Dr. Esther Choo has been practicing medicine for over 10 years, and yet she says that patients will still refuse to let her be their doctor, specifically because of her Asian descent, CNN reports. Choo, based in Oregon, initially posted a description of her dealings with racist patients on Twitter last Sunday.

Choo said, “We’ve got a lot of white nationalists in Oregon. So a few times a year, a patient in the ER refuses treatment from me because of my race.” She added in successive tweets, “The conversation usually goes like this. Me: ‘I understand your viewpoint. I trained at elite institutions & have been practicing for 15 years. You are welcome to refuse care under my hands, but I feel confident that I am the most qualified to care for you. Especially since the alternative is an intern.’ And they invariably pick the intern, as long as they are white. Or they leave.”

She added,

I used to cycle through disbelief, shame, anger. Now I just show compassion and move on.

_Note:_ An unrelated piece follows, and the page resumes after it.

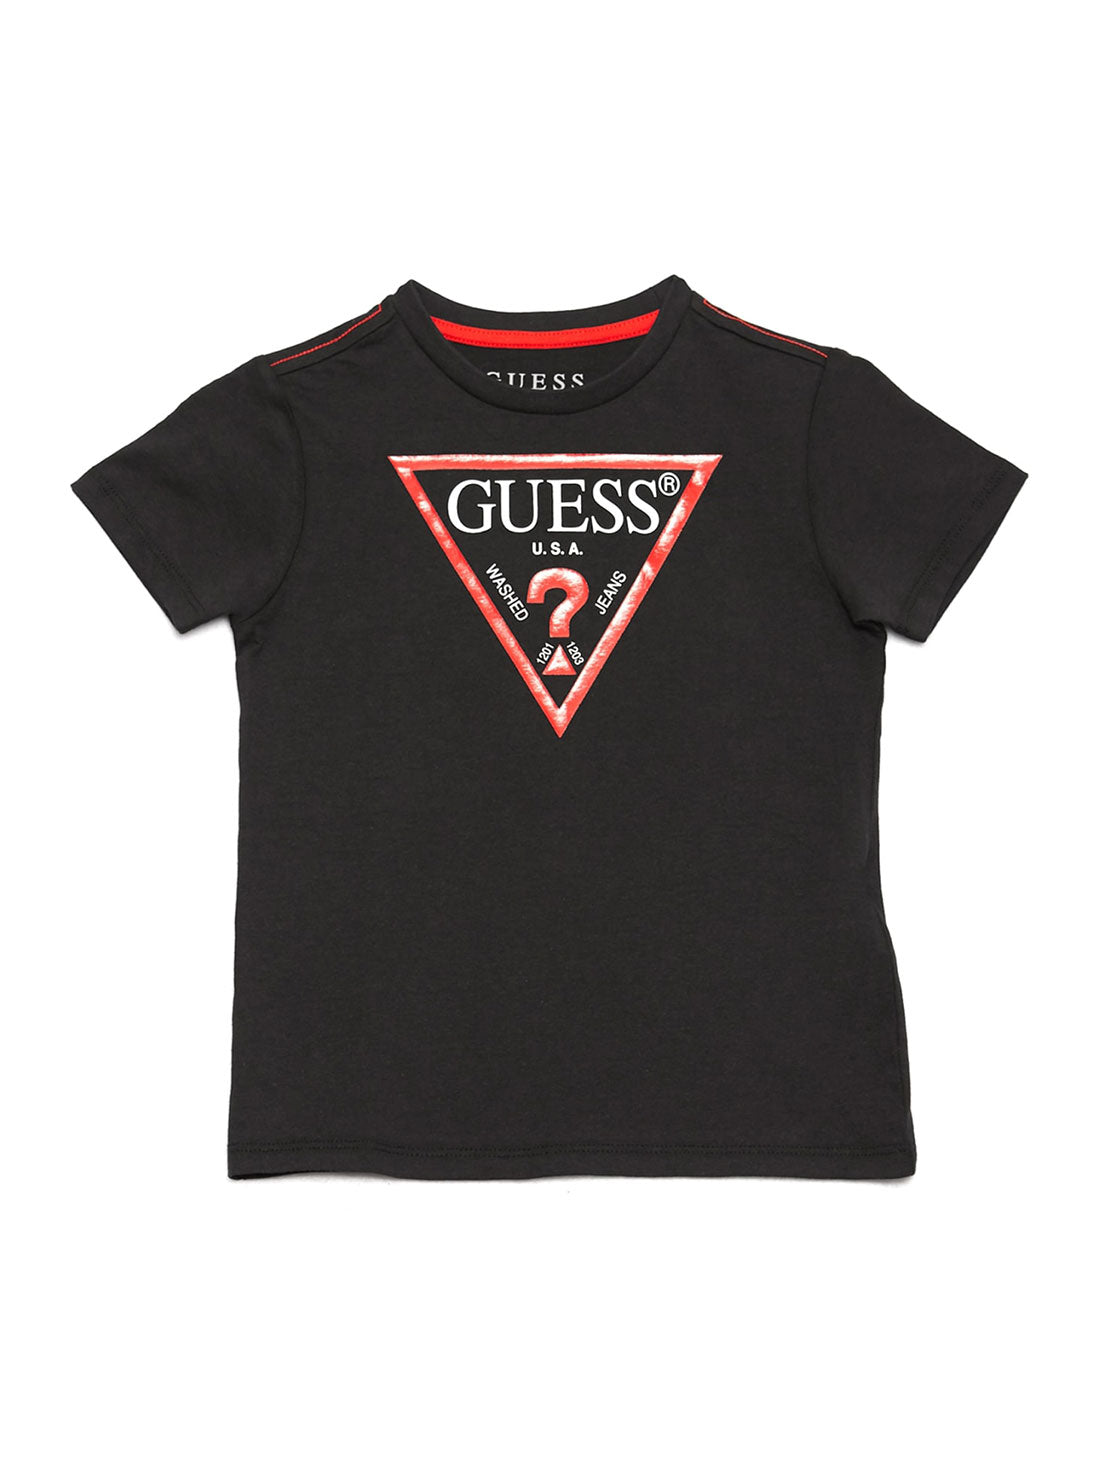 GUESS Little Boys Black Short Sleeve Triangle Logo Tee (2-7)  N73I55K5M20 Front View

Choo’s tweets come on the heels of an incident in Charlottesville, Virginia, where a counter-protestor was killed after a violent white nationalist gathering. Her experiences are common in the medical community, Choo said in an interview.

“What I’m hearing from my colleagues is that this is a daily occurrence for many of them, at least experiences of prejudice. The patient who outright refuses care is less common, but I definitely heard from a lot of people this week that they have also had that exact same experience.”

Choo described how this prejudice is so blatant and frequent that medical professionals have come to view it as “a routine part of our jobs.” She said, “Maybe it’s that they’re from another country or because of their religious beliefs or their sexual orientation or their gender. But I’m hearing it from a lot of physicians that this is not unusual.”

She is rarely able to get patients to change their minds, Choo stated. “Usually you cannot. I’ve found in my experience that you cannot talk people out of their ideology.”